Before I address the many fine issues raised in the battle raging over in the comment section of Part IV, I want to address the currently preferred organization for education entities, including universities, most private schools, and most charter schools –the dreaded non-profit organization.
We have seen that the role of profit-seeking businesses is better understood when they are recognized as profit-and-loss businesses, with all the pressures and incentives created by these dual potentialities. By the same token, what are called "non-profit organizations" can be better understood when they are seen as non-profit and non-loss institutions—that is, institutions which operate free of the constraints of a bottom line.
That freedom from turning a profit has resulted in the same kind of stagnation we see in our public schools which are basically organized along non-profit lines as well.
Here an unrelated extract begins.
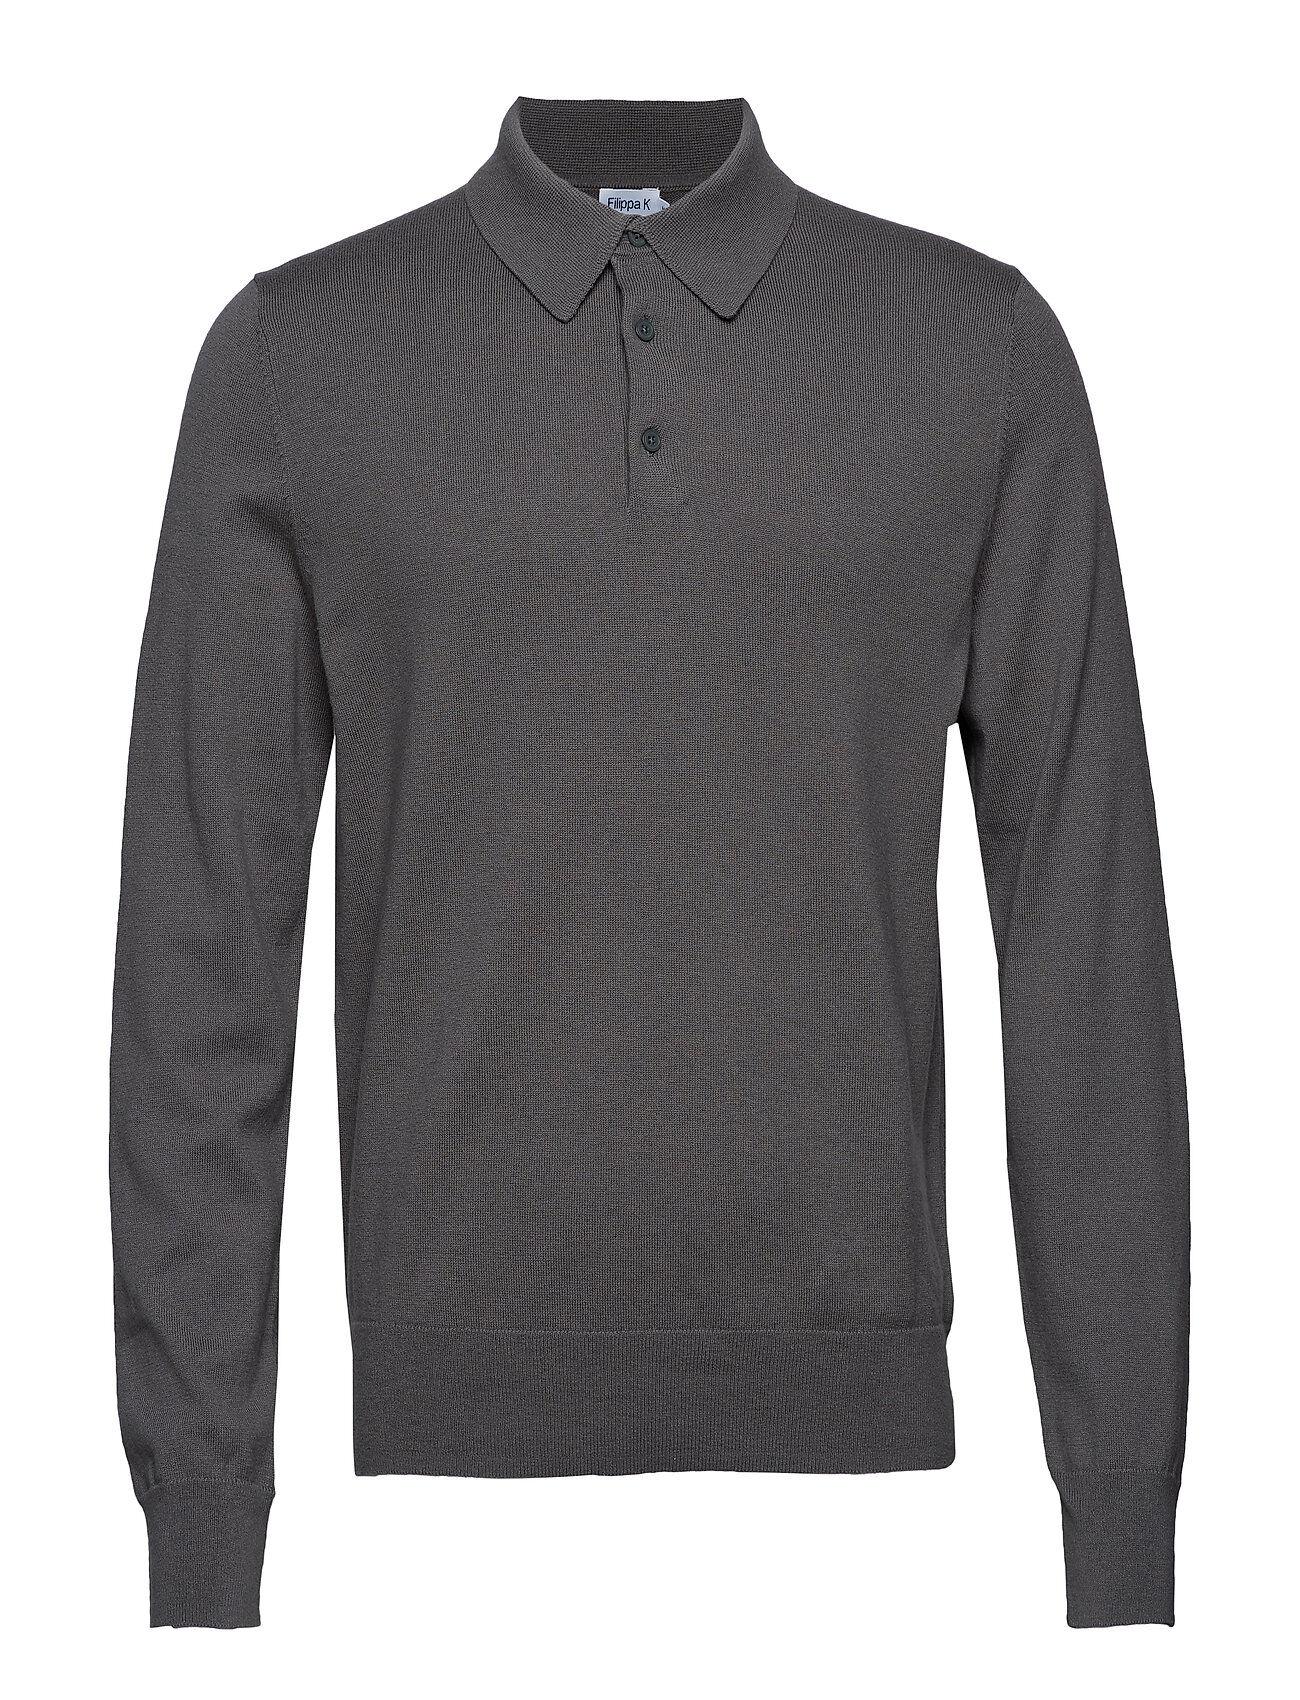 Filippa K M. Knitted Polo Shirt Polos Long-sleeved Harmaa

Freedom from the bottom line does not mean that non-profit organizations have unlimited money. It just means that, with whatever money they do have, non-profit organizations are under very little pressure to achieve their institutional goals to the maximum extent possible with the resources at their disposal. Those who supply those resources include the general public, who cannot closely monitor what happens to their donations or their taxes, and those whose money provided the endowments that help finance non-profit institutions Much or most of these endowments were left by people who are now dead, who cannot monitor at all.
What would be called "losses" in other kinds of enterprises are called "deficits" in non-profit organizations and serve as reasons given when seeking donations or government subsidies to cover shortfalls. Non-profit organizations have additional sources of income, including fees from those who use their services, such as visitors to museums, audiences for symphony orchestras, and tuition from students. These fees are in fact the main source of the more than half a trillion dollars in revenue received annually by non-profit organizations in America. However, these fees do not cover the full costs of their operation—which is to say, the recipients are receiving goods and services that cost more than these recipients are paying and some are receiving them free. Such subsidized beneficiaries cannot impose the same kind of economic discipline as the customers of a profit-and-loss business who are paying the full cost of everything they get.
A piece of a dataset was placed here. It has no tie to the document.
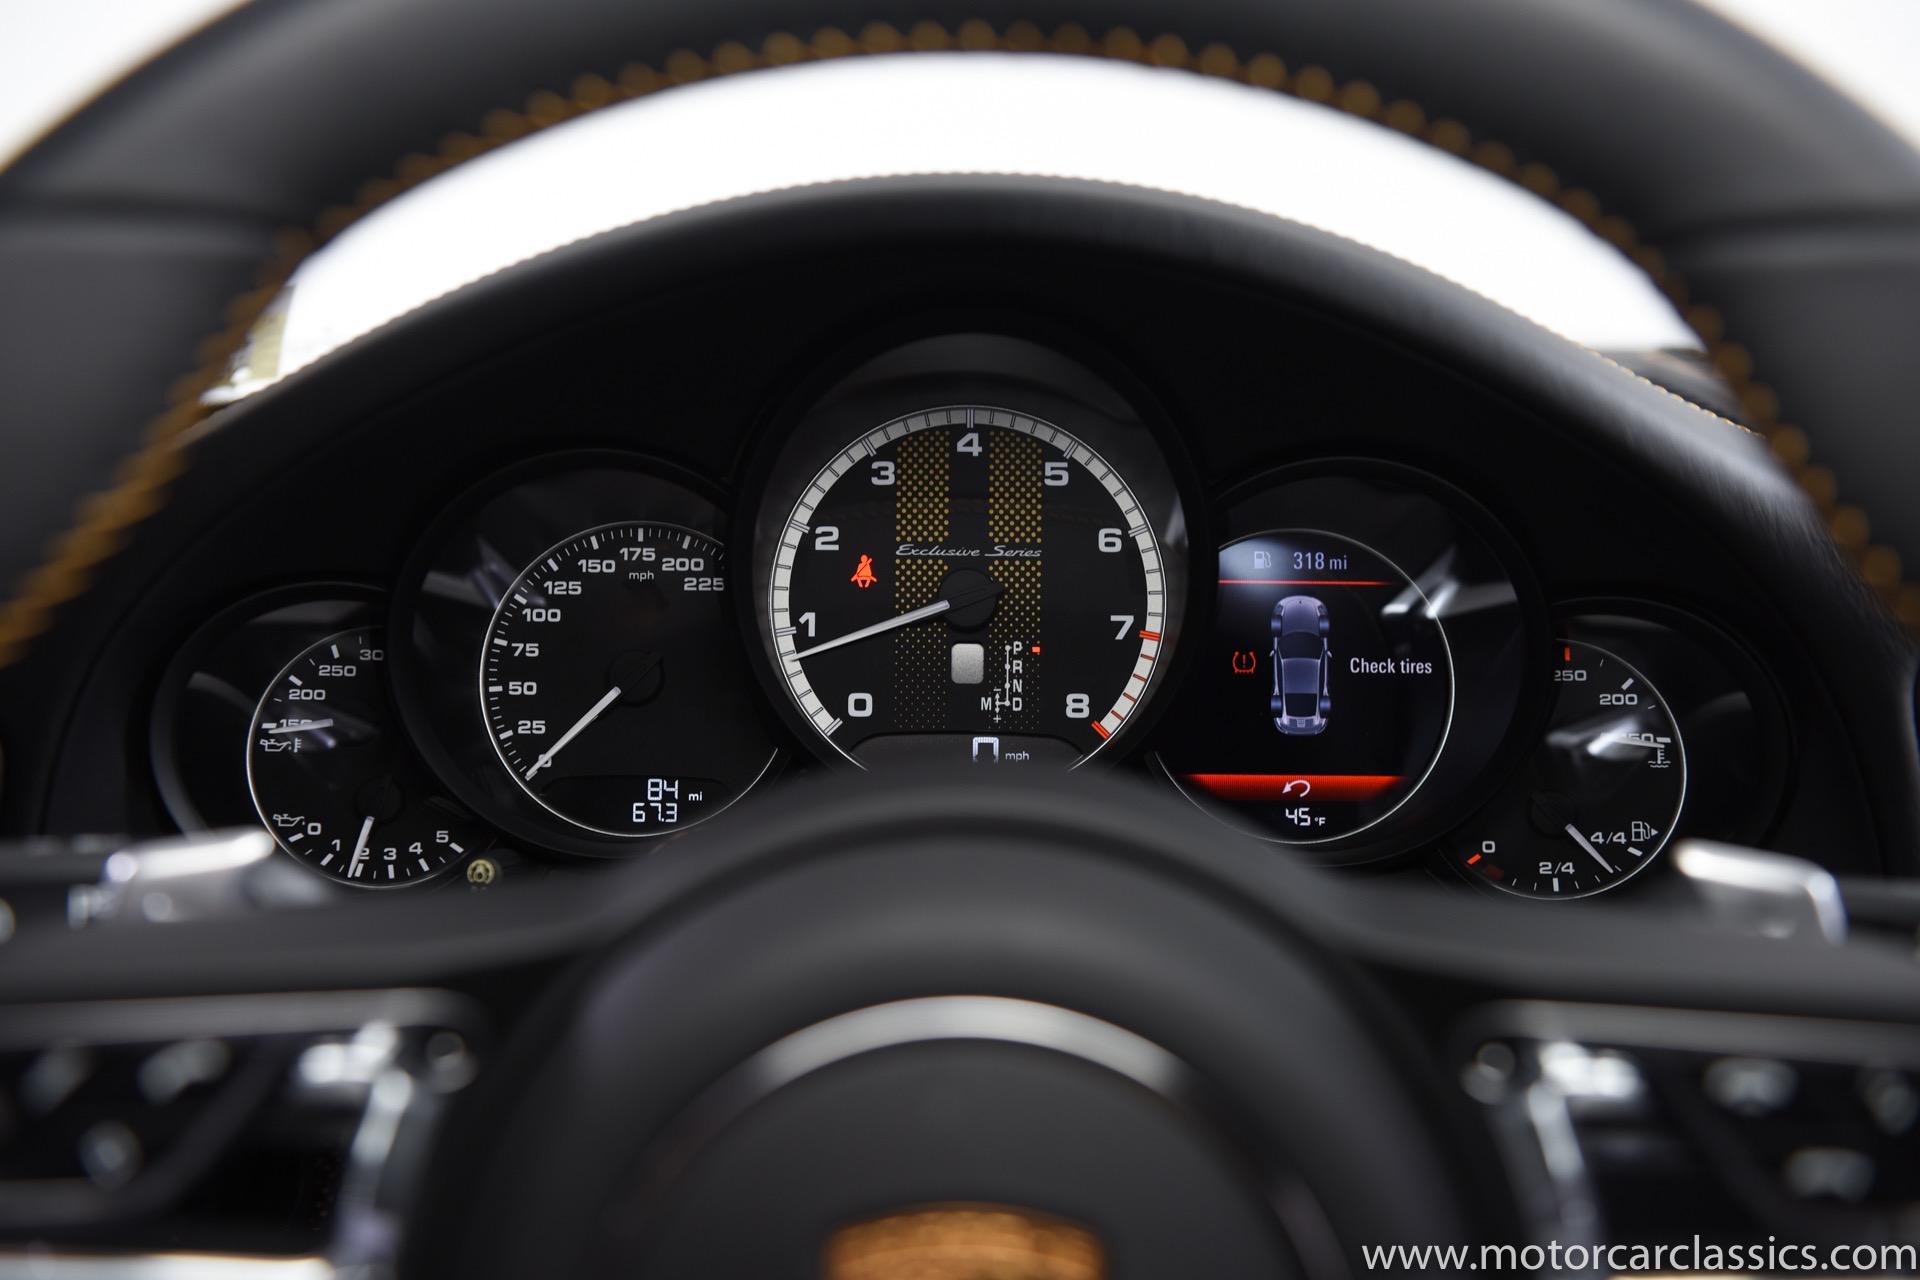 2018 Porsche 911 Turbo S Exclusive

Adam Smith noted how academics running universities financed by endowments can run them in self-serving ways, being “very indulgent to one another,” so that each academic would “consent that his neighbor might neglect his duty, provided he himself is allowed to neglect his own.” Tenure granting lifetime appointments are common in non-profit colleges, but practically unknown in businesses that must meet the competition of the marketplace.
The fact that some organizations’ income is called profit and other organization’s income is not does not change anything economically, however much it may suggest to the unwary that one institution is greedy and the other is not.
It is the non-profit organizational nature of private schools and charter schools that has contributive to the less than ideal competitive state affairs. Charter schools are most newly entities, run by activists (not businessmen), and typically thinly capitalized. Moreover, they operate in a somewhat hostile highly regulatory environment with many regulations that tend to coerce these new entities into conforming to the current practices of public schools. We are still a long way from a competitive market in education even with the presence of charter schools.